Well look at that: the cat isn't trying to kill me as originally thought when the act of cleaning my face almost sent me to the hospital. My bad on the accusation front because it turns out it's my daughter who is trying to do something to the cat and he was probably hiding from her when he made face washing deadly. And I'm not sure exactly what my daughter is up to but here's an example:
Today I caught her trying to duct tape the cat to the coffee table and because he's a cat, he slept through a majority of the crime. But basically she started to tape his napping a*s down like a druid sacrifice and he really didn't notice until I yelled "DON'T DUCT TAPE THE CAT TO THE COFFEE TABLE PLEASE!" [points for remembering to use my manners but immediately lose points for using my outside voice]
Let me tell you: the cat caught on quickly that something was amiss.
Of course why was my daughter playing with duct tape? I think it's part of her tiny bag of tricks.
Literally, she has has this tiny bag that I must check daily because OH MY WORD the things I find in there e.g. tape. Or pictures of my huge pregnant belly which are totally NSFNS (not safe for nursery school) yet somehow made it to the hands of her classmate recently.

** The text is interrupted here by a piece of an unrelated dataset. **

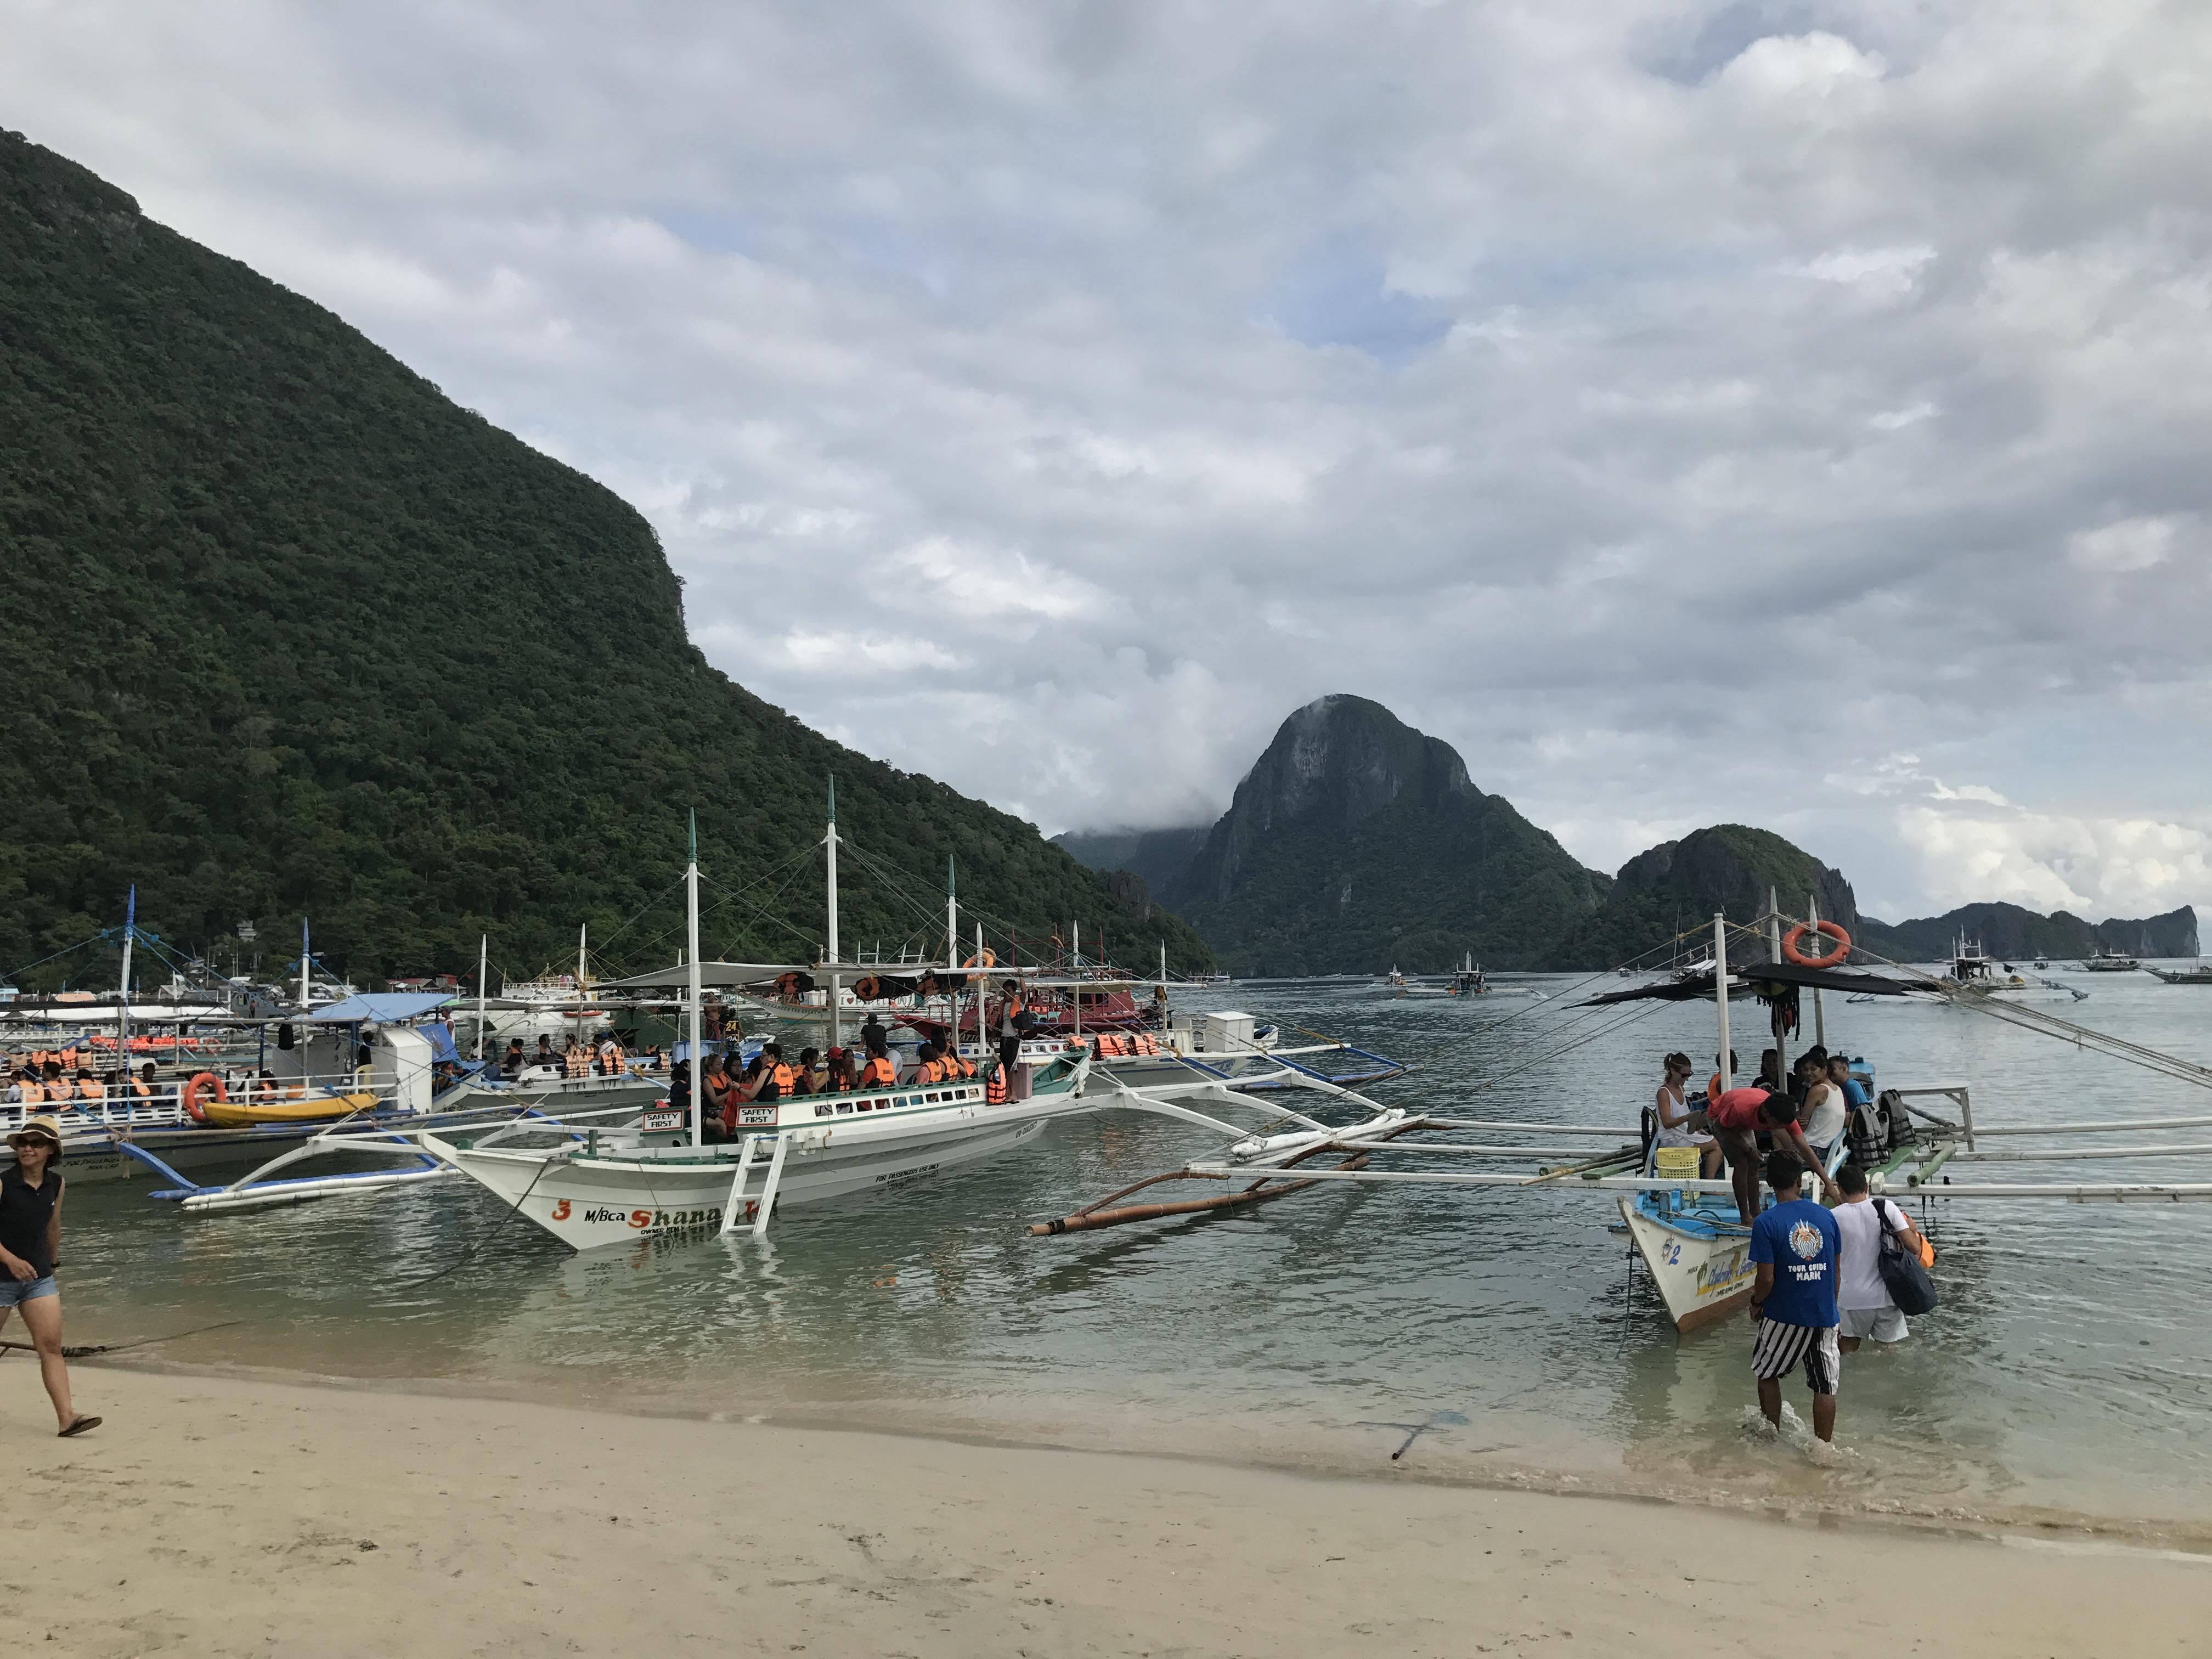 El Nido Boats

Now those little kids sure do crack me up and sometimes they might act totally clueless or nonchalant but nothing slips by them.

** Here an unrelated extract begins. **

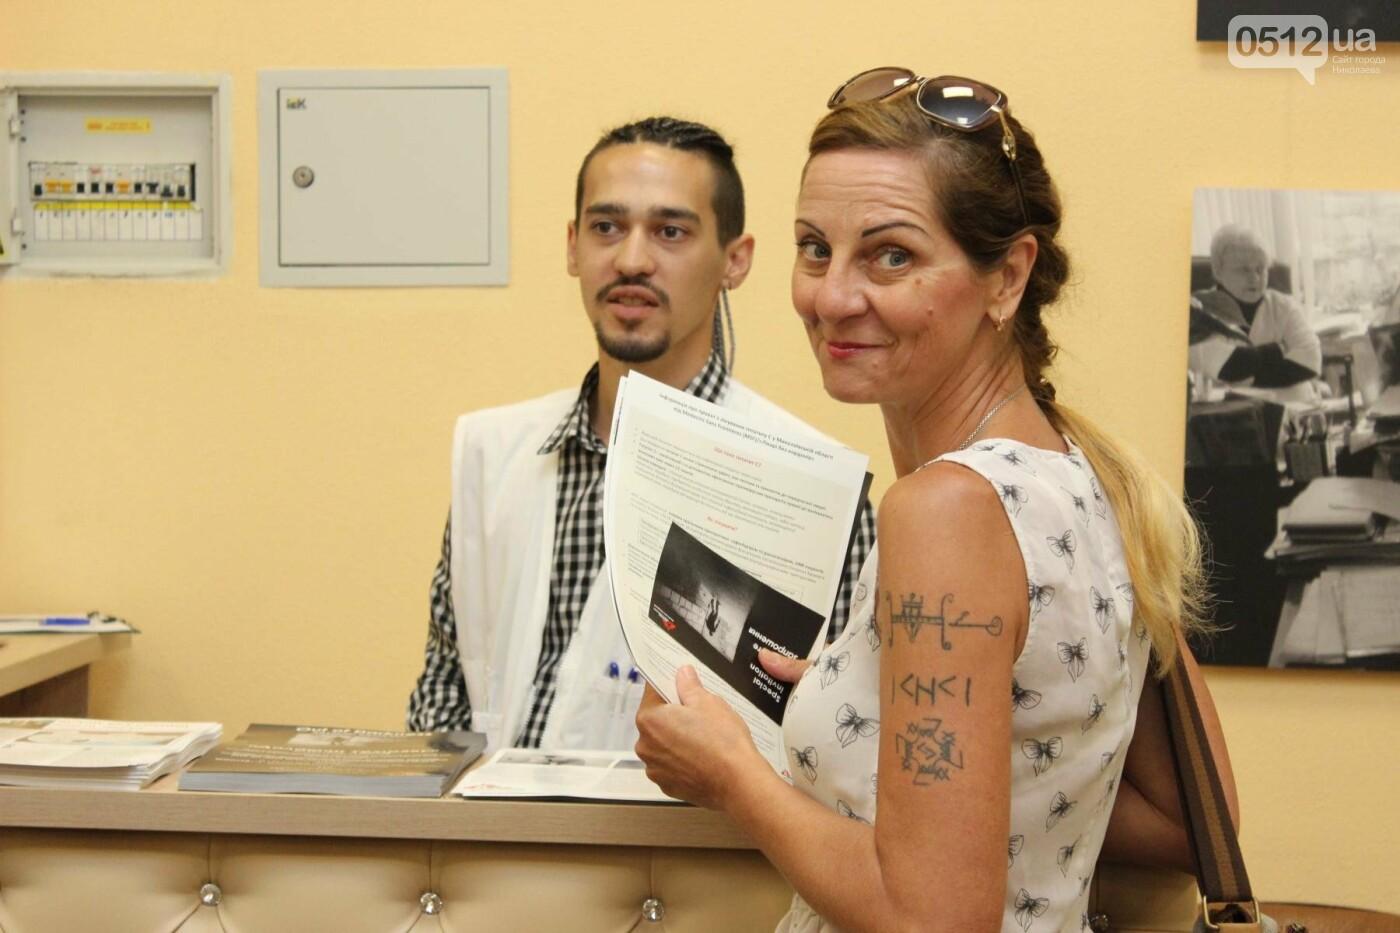 В Николаеве прошла фото-выставка людей, которые борются за жизнь, - ФОТО, фото-14

And while it really makes my heart sing to hear a kid refer to me as "Gigi's Mom" as in: "Gigi-Mom, why so big in that picture? You're huuuuge", I also must state the obvious: kids are brutal, BRUTAL I say! I think I told them all to cut me some slack and oh look, is that an ant?
If that ant hadn't worked I'm sure I would have gone on the defensive and explained that sure it took me three years to lose the thirty plus kilos (*cough* 70 lbs) that I gained thanks to my pregnancy support team of Ben and Jerry but I'm close enough now so whatever. And because it worked so well many times before, Ben and Jerry have once again generously offered their support in cooperation with Team Lays who have pledged to build a bigger and better motherbumper. So far I'm resisting but dammit, I feel some weakness coming on (must remain strong because I love my new jeans dammit.)
Anyhow, from the better late than never files:
The following people won free rice in the Let Them Eat Rice draw and you can clearly see I used a totally on the up-and-up process called "too damn lazy to write numbers on paper" or maybe the "look at me being all green - if you ignore how much electricity it took to power the laptop in order to actually generate the numbers versus how much human energy it would have required to just use a scrap of biodegradable paper and some ink to randomly pick five numbers out of a hat" process.
Winners! You are all WINNERS! of rice!
7 - where there's a willer...
9 - cool zebras
10 - playa minded
4 - cheaper than therapy
11 - mama tulip
And the world said I never gave it anything but shit shine and shinola. Take that world.